Now that the contribution of each atom to the scattering intensity is known, these signal buffers must be reduced into intermediate buffers so that they can be written into the final output values fq, fq2 and fqt in the HDF5 file format. As the parallelism of Sassena has now increased significantly in this implementation, careful attention must be paid to the reduction step as many simultaneous writes to a single location can cause data races. The naive synchronisation approach would be to use mutexes in this case. For CUDA code, it is more common to use the atomicAdd instruction instead of a mutex lock as it’s generally faster. However, even atomic instructions incur performance overhead as they force the serialisation of the instruction stream, which introduces contention.

One possible remedy to this problem is to use partial reduction, where an intermediate buffer is created in memory for each thread block. All threads in the thread block will then reduce into this intermediate buffer and only one thread in the buffer will use an atomicAdd instruction to write the intermediate buffer into the global buffer. This approach significantly reduces resource contention and was used in the new implementation for reducing to the afinal and a2final buffers, which eventually output to fq and fq2.

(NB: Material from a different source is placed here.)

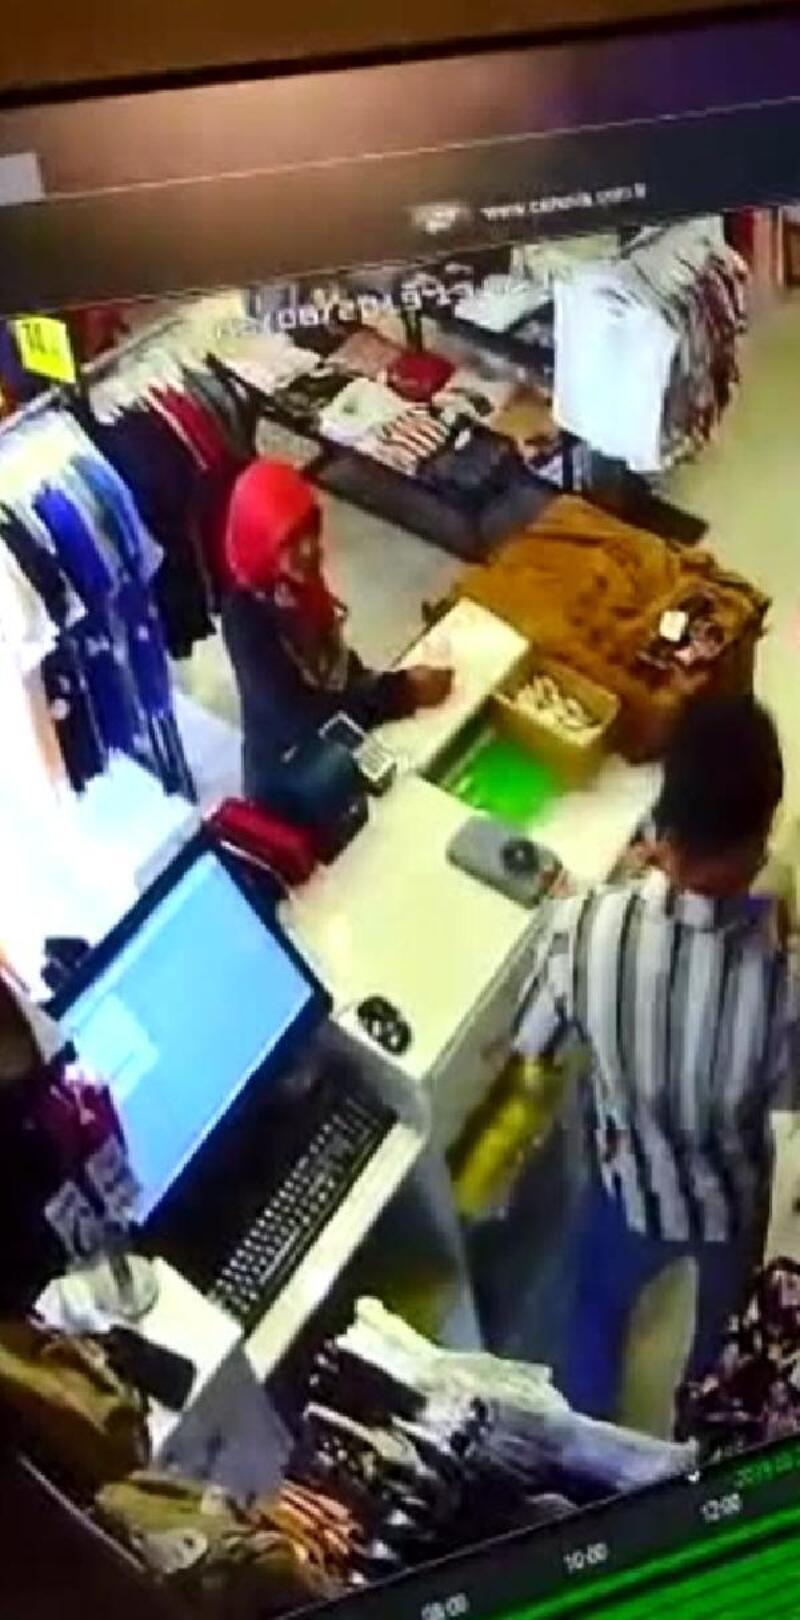 Mağaza sahibini dolandırmaya çalışan 2 kadın tutuklandı

__global__ void sass::cuda::store(complex *afinal, complex *a2final,
complex *at, size_t N, size_t NF)
{
    extern __shared__ complex<double> shared_mem[];
    complex<double> *shared_a = shared_mem;
    complex<double> *shared_a2 = shared_mem + blockDim.x;
    if (threadIdx.x < N) {
        size_t offset = threadIdx.x * 2 * NF;
        complex *data = &(at[offset]); // get subvector
        auto a = complex<double>(0.0, 0.0);
        for (i = 0; i < NF; i++) {
            a += complex<double>(data[i][0], data[i][1]);
        }
        a *= 1.0 / NF;
        shared_a[threadIdx.x] = a;
        shared_a2[threadIdx.x] = a * conj(a);
        auto a2 = a * conj(a);
    } else {
        shared_a[threadIdx.x] = complex<double>(0.0, 0.0);
        shared_a2[threadIdx.x] = complex<double>(0.0, 0.0);
    }
    __syncthreads();
    if (threadIdx.x == 0) {
        complex<double> block_sum_a(0.0, 0.0);
        complex<double> block_sum_a2(0.0, 0.0);
        for (i = 0; i < blockDim.x; i++) {
            block_sum_a += shared_a[i];
            block_sum_a2 += shared_a2[i];
        }
        atomicAdd(&(afinal[0][0]), block_sum_a.real());
        atomicAdd(&(afinal[0][1]), block_sum_a.imag());
        atomicAdd(&(a2final[0][0]), block_sum_a2.real());
        atomicAdd(&(a2final[0][1]), block_sum_a2.imag());
    }
}

In the store kernel, the partial reduction technique to reduce to the intermediate buffers shared_a and shared_a2 was used. These are both created in block-level memory, meaning that accessing it is faster than global memory. We use the __syncthreads() function to wait until all threads in the block have finished. Finally, only the thread where threadIdx.x == 0 reduces the intermediate buffer into the global atfinal and a2final buffers.

Conclusion

A comparison of the new GPU implementation, running on an RTX 3080, when compared to a single-node implementation of the previous, CPU based, implementation with varying numbers (NP) of hardware threads used.
Performance Comparison

Overall the CUDA implementation significantly out performs the existing single-node CPU implementations of the self scattering kernel, as shown in the graph. However, the previous implementation supported MPI, which meant that the tasks could be split across many nodes in a supercomputer cluster. Luckily, the new CUDA implementation is directly “wired” into the existing MPI communication infrastructure, meaning that some nodes in the MPI cluster can use CPUs while others would be GPU nodes, giving us the ability to use both, which is known as a “hybrid” setup in the HPC world.